Zum Beispiel?Das betrifft vor allem die Landwirtschaft, denn sie ist ein großer Wirtschaftsfaktor für die Ninive-Ebene und könnte vielen Menschen Arbeit bieten, zum Beispiel in der Geflügel- und Viehzucht. Die Kämpfer des IS haben jedoch viele Bauernhöfe zerstört. Wir wollen deshalb auch eine Untersuchung starten, wie wir es schon mit den zerstörten Wohnhäusern gemacht haben: Wie hoch ist die Zerstörung der landwirtschaftlichen Betriebe? Was brauchen die Familien jetzt am dringendsten, um die Arbeit aufnehmen zu können? Wir denken auch über Anschubfinanzierungen und Kredite nach – aber das kostet viel …
Ein weiteres riesiges Aufgabenfeld – zusätzlich zu dem, was die Kirche in der Ninive-Ebene sonst noch stemmt. Gibt es denn gar keine staatliche Hilfe?Nur die Kirche kümmert sich um die Menschen. Wir bekommen nichts vom Staat. Aber als Kirche sind wir nah dran an den Menschen. Wir haben sehr konkrete Vorstellungen davon, was die Menschen in der Ninive-Ebene für die Zukunft brauchen.
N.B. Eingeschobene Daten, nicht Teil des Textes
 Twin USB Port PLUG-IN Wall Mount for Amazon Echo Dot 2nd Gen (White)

Sie sprachen davon, dass die Hälfte der Christen zurückgekehrt ist. Sehen Sie irgendeine Chance, dass auch die andere Hälfte zurückkommt?Hier muss man unterscheiden: Nach wie vor halten sich einige tausend Christen in Erbil in der Autonomen Region Kurdistan auf, wohin viele nach der IS-Invasion geflüchtet waren. Ihre Zahl ist rückläufig. Die Menschen, die dortbleiben, haben dafür gute Gründe: Die meisten haben in der Region feste Arbeit gefunden. Es hängt also auch von der wirtschaftlichen Situation in der Ninive-Ebene ab, ob sie zurückkehren. Die Mehrheit der übrigen Vertriebenen lebt in Jordanien, im Libanon oder der Türkei. Sie haben natürlich die Möglichkeit zurückzukommen, scheuen aber den Schritt. Sie halten den Irak noch für zu unsicher. Ich arbeite dafür, das Gegenteil zu beweisen!
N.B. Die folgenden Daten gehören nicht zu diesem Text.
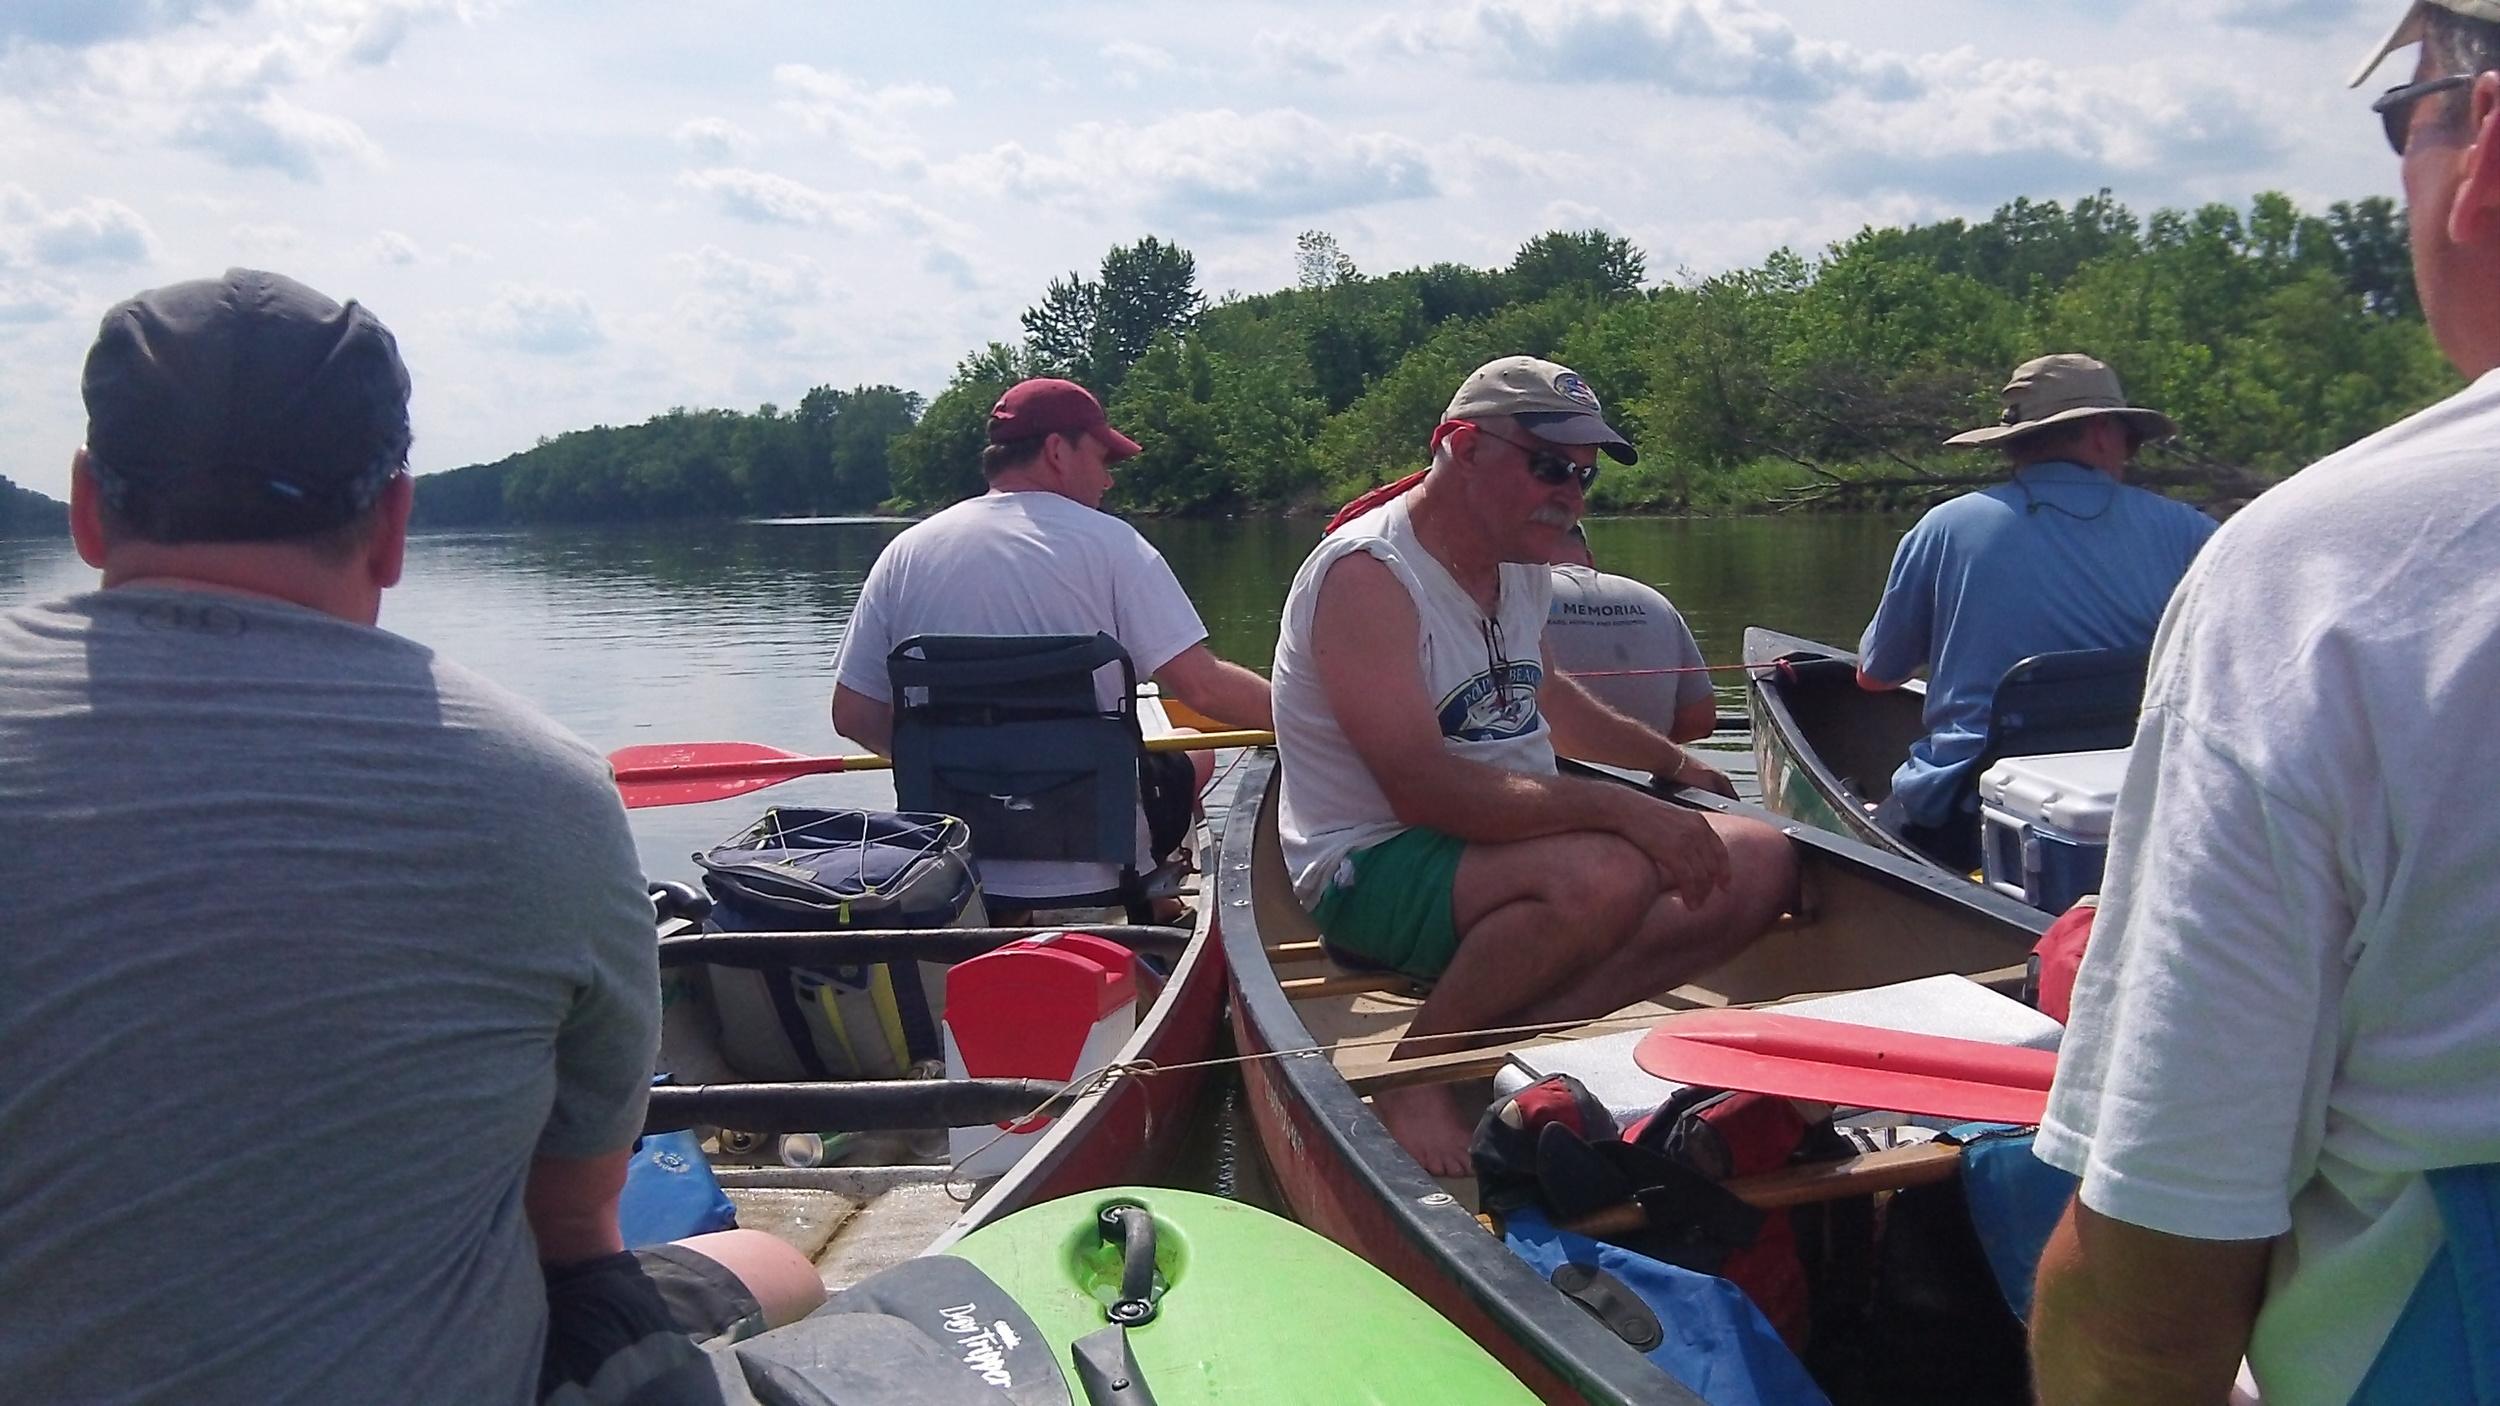 Saturday 2012 - the flotilla

Nur zehn Prozent der Christen sind in den Westen gegangen. Natürlich hoffen wir, dass auch sie heimkehren. Aber man muss realistisch bleiben: Viele jungen Leute haben in Europa ein Studium begonnen, junge Familien haben ihre Kinder dort in der Schule oder im Kindergarten. Ich denke aber weder, dass diese christlichen Einwanderer eine Belastung für den Westen sind, noch, dass sie für uns im Nahen Osten „verloren“ sind. Wenn sie beispielsweise für ein europäisches Unternehmen arbeiten, das mit dem Irak Geschäfte macht, wird das vielleicht auf die Expertise der irakischen Christen zurückgreifen. Sie können also Brückenbauer sein!
Sie haben mehrmals das Thema Schule und Studium angesprochen – essentielle Bereiche, um junge Menschen zur Rückkehr zu bewegen. Wie steht es um die Schulen in der Ninive-Ebene?Alle öffentlichen Schulen in der Ninive-Ebene haben wieder geöffnet. Allerdings wollen die Eltern ihre Kinder viel lieber auf kirchliche Privatschulen schicken, weil dort die Ausbildung besser ist. Die Bildungsarbeit, die vor der Vertreibung vor allem in der Hand der Ordensschwestern war, ist ein weiterer großer Baustein für die Zukunft in der Ninive-Ebene.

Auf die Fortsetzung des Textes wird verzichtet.